A ver, a ver… ¿por dónde empiezo? Ah, sí. En mi camino desde la Ciudad del Escepticismo, tuve que atravesar el Valle de la Ambigüedad. Ya saben, como cuando… a ver cómo era… “Era el mejor de los tiempos, era el peor de los tiempos…” ¿Les suena? Dickens. Un genio.

Es que, bueno, Dickens arranca *Historia de dos ciudades* con uno de los párrafos más potentes de la literatura inglesa. Y no es casualidad, eh. La historia empieza en un momento de cambio, de Revolución Francesa, Revolución Americana, la Revolución Industrial… ¡Un follón! Thomas Paine escribiendo sobre los derechos del hombre, Adam Smith con La riqueza de las naciones… ¡Una época! Y claro, como dice el poeta Wordsworth, “¡Qué dicha era estar vivo en aquella aurora, / Pero ser joven era el cielo mismo!”

Y luego, claro, en el siglo XIX vino Marx y analizó todo ese tinglado. Pero igual, ¿eh? Quizá la visión más profunda de todo ese ambiente vino de otro lado: la teoría de la evolución de Darwin. ¡Ojo! Que antes ya había gente hablando de “diseño sin diseñador”, de “coordinación sin coordinador”. Adam Ferguson, por ejemplo, decía que las naciones se topan con estructuras que son resultado de la acción humana, pero no de un plan humano. Y la famosa “mano invisible” de Smith, pues, a veces se interpreta así.

La adaptación y la selección, que son la base de la evolución, son el proceso por el cual se desarrolla la inteligencia colectiva. Y es la forma en que las empresas exitosas encuentran productos y procesos que se adaptan a lo que necesitan sus clientes. Es lo que llamamos "pluralismo disciplinado": libertad para experimentar, pero también para terminar rápido con lo que no funciona. ¡Y eso es clave para el progreso económico!

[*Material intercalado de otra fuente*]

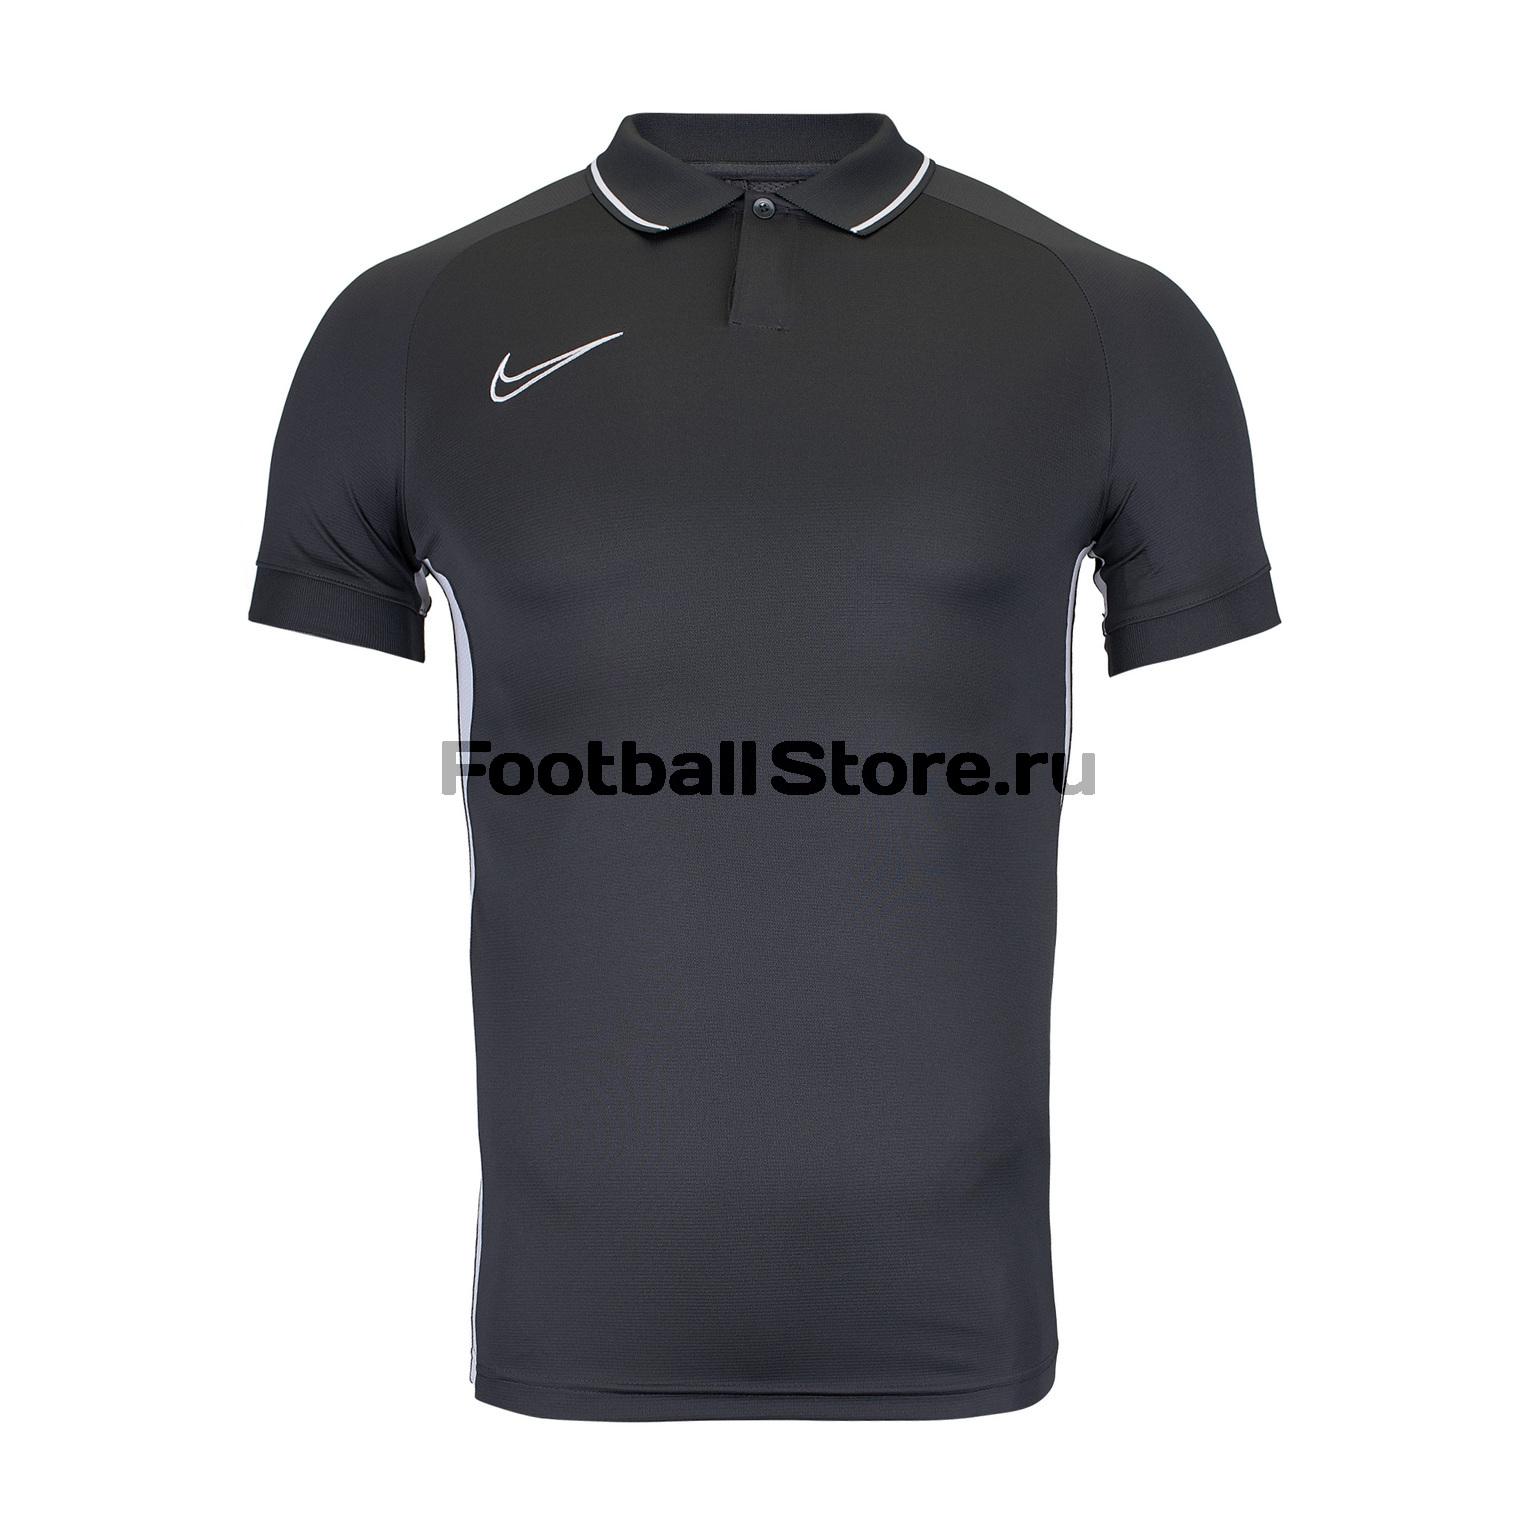 Поло Nike Dry Academy19 Polo BQ1496-060 цена

Miren, la Reforma Protestante, por ejemplo, sustituyó la autoridad centralizada de la Iglesia Católica por una autoridad descentralizada. En las iglesias presbiterianas, los ancianos, los más sabios y virtuosos de la comunidad, elegían a su propio pastor. Y se animaba a la gente a leer la Biblia por sí mismos. ¡La alfabetización era fundamental! Y eso preparó a los jóvenes para contribuir a los avances intelectuales y científicos, para trabajar en los negocios y para administrar imperios. Otras sectas protestantes, como los cuáqueros, también desconfiaban del dogma. Y, claro, ese pluralismo, esa libertad de pensamiento y la oportunidad de equivocarse, se fomentaba en vez de reprimirse. Así que, futuros Galileos ya no tenían que tenerle miedo a la Inquisición. Y después, vino la Revolución Científica y la Ilustración.

Y fue ese conocimiento colectivo, esa inteligencia colectiva, lo que hizo posible la Revolución Industrial. Las economías y las sociedades que salieron de la Revolución Científica avanzaron gracias al pluralismo disciplinado. Es la libertad de probar ideas nuevas, formas nuevas de hacer las cosas, de promover productos nuevos. Una sociedad con libertad de expresión y una comunidad investigadora activa tiene un montón de propuestas de nuevos conocimientos. Y un ambiente empresarial competitivo estimula la adopción de procesos nuevos y la oferta de bienes y servicios nuevos. Una economía con pluralismo disciplinado celebra esas novedades, pero desecha las que no valen la pena. Así es como navegamos en la incertidumbre radical… ¡y cómo prosperamos!

Porque el avance económico a través del pluralismo disciplinado es un proceso evolutivo, parecido a la selección natural. Esa idea de Darwin de que la evolución puede crear sistemas complejos que nadie puede diseñar, es una visión profunda de la naturaleza de la empresa moderna.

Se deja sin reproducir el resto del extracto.